Merge strategy example​

This example demonstrates the merge incremental strategy using our Otto's Expeditions project:

incremental_read_merge.py
import polars as pl
import pyarrow as pa

from ascend.resources import read
from ascend.common.events import log
from ascend.application.context import ComponentExecutionContext


@read(
strategy="incremental",
incremental_strategy="merge",
unique_key="id",
on_schema_change="sync_all_columns",
)
def read_inlinked(context: ComponentExecutionContext) -> pa.Table:
"""
Incrementally reads 'inlinked' event data from Otto's Expeditions project.
"""
# Load all available parquet files; Ascend handles merging based on state
df = pl.read_parquet("gs://ascend-io-gcs-public/ottos-expeditions/lakev0/generated/events/inlinked.parquet/year=*/month=*/day=*/*.parquet")
# Retrieve previous data to determine last processed timestamp
current_data = context.current_data()
if current_data is not None:
current_data = current_data.to_polars()
max_ts = current_data["timestamp"].max()
log(f"Reading data after {max_ts}")
df = df.filter(df["timestamp"] > max_ts)
else:
log("No current data found, loading all data")

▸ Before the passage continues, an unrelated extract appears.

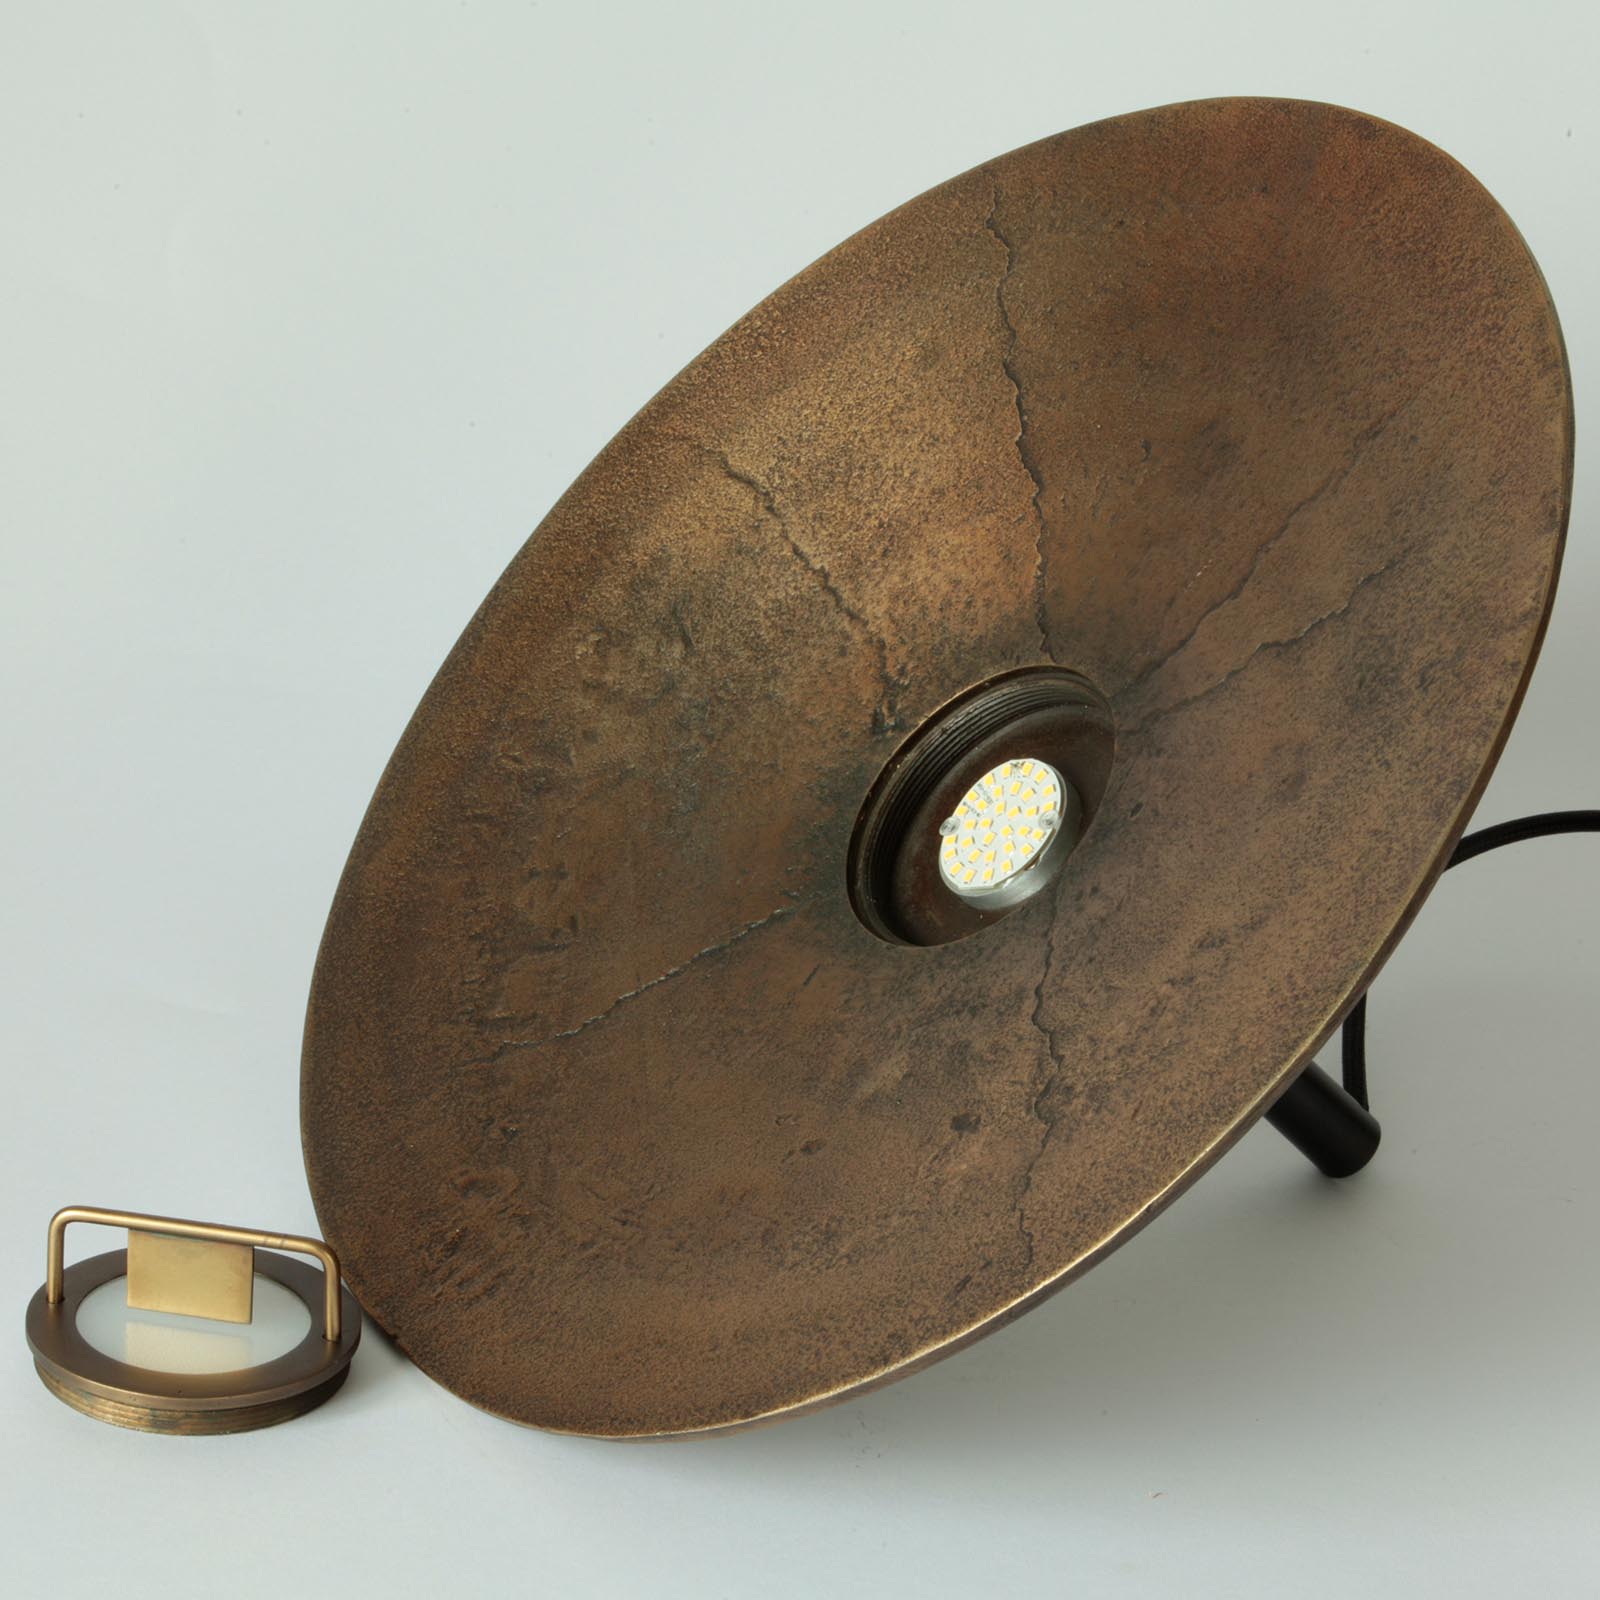 Flache LED-Pendelleuchte FLOEN mit rauer Bronze-Patina: Das eingebaute LED-Modul ist durch eine matte Glasscheibe verdeckt

log(f"Returning {df.height} rows")
return df.to_arrow()

Append strategy example​

This example demonstrates the append incremental strategy with timestamp-based filtering:

incremental_read_append.py
from datetime import datetime

from ascend.resources import read
from ascend.application.context import IncrementalComponentExecutionContext


# Example data for timestamped incremental append
initial_data = {
"key": [1, 2],
"ts": [datetime(2020, 1, 1, 12, 0), datetime(2020, 1, 2, 12, 30)],
"string": ["a", "b"],
"integer": [1, 2],
}

updated_data = {
"key": [1, 2, 3],
"ts": [
datetime(2021, 1, 1, 12, 0),
datetime(2020, 1, 2, 12, 30),
datetime(2021, 2, 1, 12, 0),
],
"string": ["a", "bb", "c"],
"integer": [1, 2, 3],
}


@read(strategy="incremental", incremental_strategy="append")
def incremental_custom_python_read_append(context: IncrementalComponentExecutionContext):
"""Demonstrates the append incremental strategy with timestamp-based filtering."""
current_data = context.current_data("pandas")

data = initial_data
if context.is_incremental:
# row 1 has an updated timestamp, so it is included in the delta
# row 3 is new and has a timestamp > than the max in the current output
ts_key = "ts"
if context.data_plane_type == "snowflake":
ts_key = ts_key.upper()
max_ts = current_data[ts_key].max()

filtered_data = {key: [val for i, val in enumerate(updated_data[key]) if updated_data["ts"][i] > max_ts] for key in updated_data.keys()}
# Since we are using the append strategy, the updated row 1 will get appended to the existing output.
data = filtered_data

if context.data_plane_type == "snowflake":
# make keys uppercase for Snowflake compatibility
data = {key.upper(): val for key, val in data.items()}

return data

For more examples and advanced options, see our reference guide.

🎉 Congratulations! You've successfully created an Incremental Python Read Component in Ascend.